BF: IMPACT is located at Marshall Space Flight Center, and our role is to support NASA’s Earth Science Data Systems. (NASA) tasked us with taking the existing algorithm that Jeff and Junchang Ju had developed at Goddard, moving it into the cloud, and then making it more cloud friendly so we could get an idea of what that would look like. Typically, when you have an algorithm and you’re running it on a high-performance computing (system), it’s a block algorithm. You kind of just shove it through, you get input/output, and you have status: success or fail. What we wanted to do was basically benchmark the different steps of the algorithm so we could track its performance through time by separating out the different components. It is almost like you are taking a full cake and breaking it down into individual ingredients. Then you’re able to check each individual ingredient as you develop the cake, so in the end, the cake that you have from the new process matches the cake that you had before.

EoE: So Harmonized Landsat and Sentinel will be a situation where (a user) would search for a particular spot on the globe and see Landsat and Sentinel images that are interchangeable?

BF: Right now, we have two data products. We have the Landsat component and the Sentinel component. NASA has a nice visualization platform (NASA Worldview) where you can have these data layers that give you “quick look” browse imagery to see what a scene may look like. But then also you have the general full constellation of what the two data products look like combined. As you focus on a particular area as a function of time, you will see that two- to four-day revisit period.

JM: People often ask what we mean by harmonized. What we are talking about is that to the user, it doesn’t matter to them which satellite the observation comes from. They can use the observations interchangeably for the common bands.

Color satellite image of irrigated cropland in Utah
Example of Harmonized Landsat-Sentinel product, showing an area of irrigated cropland in Utah in March of 2020. 

EoE: What do you hope to see done with this HLS data? What does success look like five years from now, from your perspective? Daily deforestation alerts in the Amazon? Weekly algae bloom updates? Urban heat island tracking?
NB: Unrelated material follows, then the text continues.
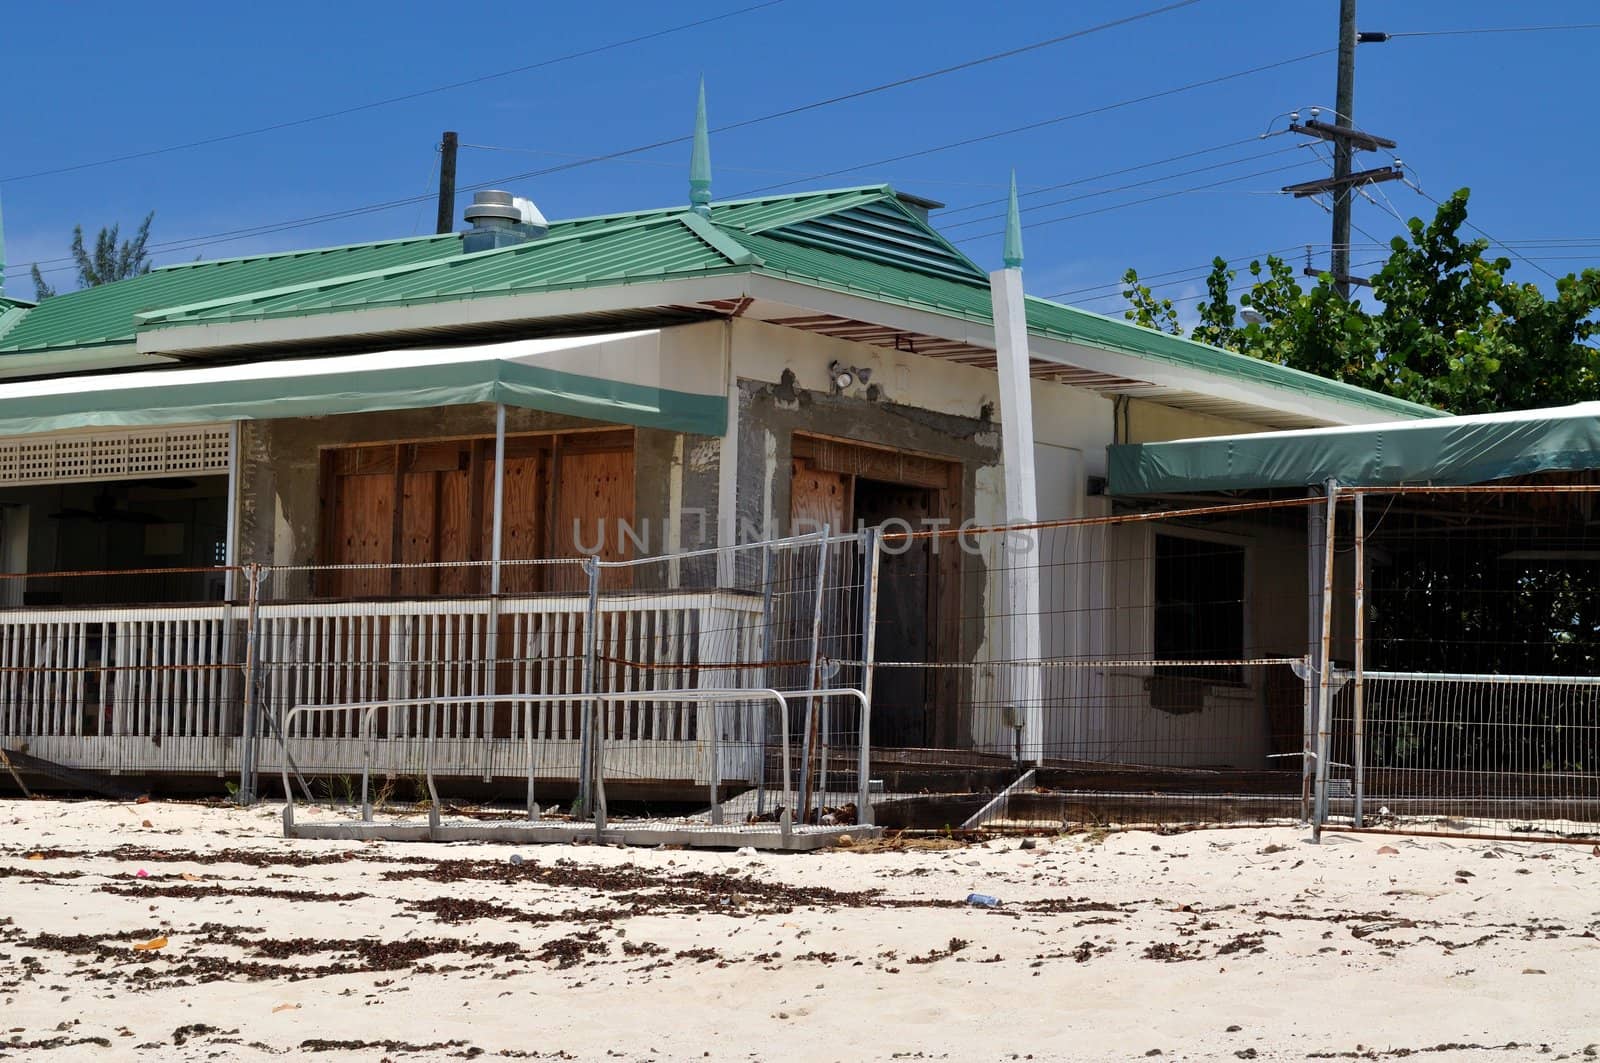 Abandoned Beach House by fernando2148

JM: Yeah, all of that. I’d like to see HLS or spin-offs from it incorporated into real land management activities. Like having the U.S. Department of Agriculture downloading this on a regular basis and doing crop forecasts and crop type analysis. To see the U.S. Forest Service look at the daily scale of recovery from a forest fire. That to me would be the ultimate payback in the work. Because then people are really using it, and using it to its fullest extent.

BF: I’d like to see the number of users increase, and to see users come in and learn how to access the data through the cloud and shift their workflows. As we send out these data access surveys, seeing people shift from the https-based downloads to cloud-based analysis. That shift over the next five years is something we really hope to pioneer with HLS.

JM: I would also mention the international aspect, a little bit of a “kumbaya” moment. We have the opportunity to bring together data from multiple international programs. You’re going to be seeing more and more of that, because international remote sensing programs are becoming more and more diverse and robust. There’s that opportunity to combine data from these programs, to increase the frequency of observations, or to do new types of observations. So, HLS is very much in that mode, and I think that’s pretty exciting.